With visibility rapidly diminishing Pete gave the order to evacuate the cave. By this point visibility was less than a metre even using diving torches and carbide lights had ceased to burn. Literally feeling their way back down the passage and the cascades they managed with burning throats and stinging eyes to get to the boulder choke before the fires burned themselves out. This wasn't the last time our "friendly-locals" would try to kill us off.
Back at base the mood was mixed. We had a going lead with real potential but four of us had been injured either by falls or smoke inhalation. That night we were kept awake by a chorus of coughing and rasping, laboured breathing. The next morning we made an early start, kitted up and set off to survey the remaining passage. Before doing this we had a sincere and serious chat with Mr Long about the antics of the day before.

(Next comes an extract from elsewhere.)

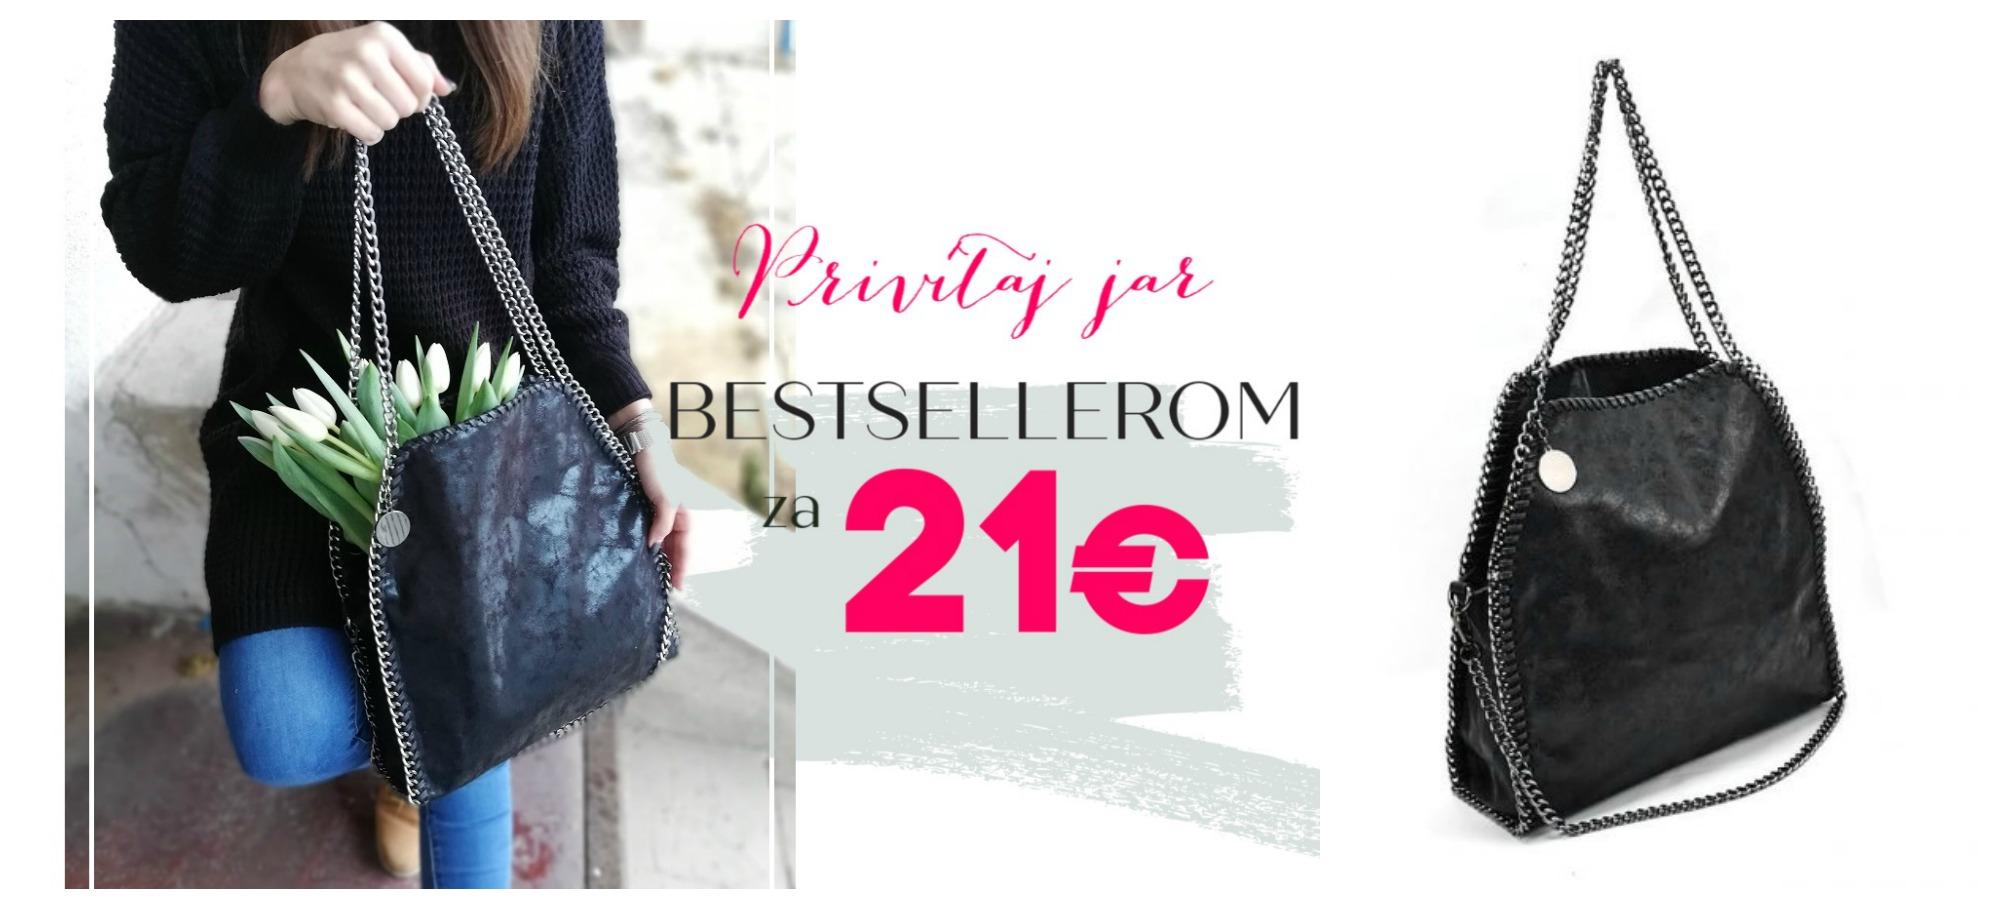 Privítaj jar BESTSELLEROM za 21€ !!!

With a survey team of six and fewer villagers we quickly totted up another few hundred metres of loose breakdown passage ending in yet another loose chamber with a huge, unstable boulder ruckle in the centre. Unfortunately, while we were surveying even more lads had caught up with us, most were barefooted and had no lights of any description. Being young lads in a big gang and with no comprehension of what a quarter ton boulder can do to you, rocks were soon rolling down the chamber and splintering into fragments. After a few near misses and lots of pointless shouting and finger wagging the cork eventually came out of Pete's bottle and he ordered us to return to the surface. Had we not done this it was only a matter of time before someone got hurt yet again. Everywhere we went we were constantly shadowed by lightless teenagers relying on our carbide lights. We were also aware by now that if anyone of them were injured it would be "our" fault for "bringing" them with us.
Eventually we managed to get rid by sitting out of the way with our lights out until they got bored and followed Liz and Mr Long to the surface. This allowed us to push the only remaining lead - the stream continuation. Flat out in joint controlled rifts the stream was not inviting, very black with flood debris, mainly plastic rubbish, and obviously a storm drain. In the water dark pink and brown crayfish with turquoise eyes paddled towards our hands obviously hungry for prey during the dry season. After a dozen or so sharp bends the rifts opened out into walking passage in solid limestone but with the inevitable boulder choke concluding the passage. With shattered nerves we closed the survey book and gingerly retraced our steps, stopping only for a brief photography session.
The expedition surveyed over 4km of passage mostly around the pleasant village of Nongtalong which overlooks the vast river deltas of Bangladesh. Despite the best intentions of our local supporters we all managed to have good time caving, exploring the local jungle terrain, and were made to feel very welcome by our hosts. There is plenty more to go at in Meghalaya just remember to take a cool head and some kneepads!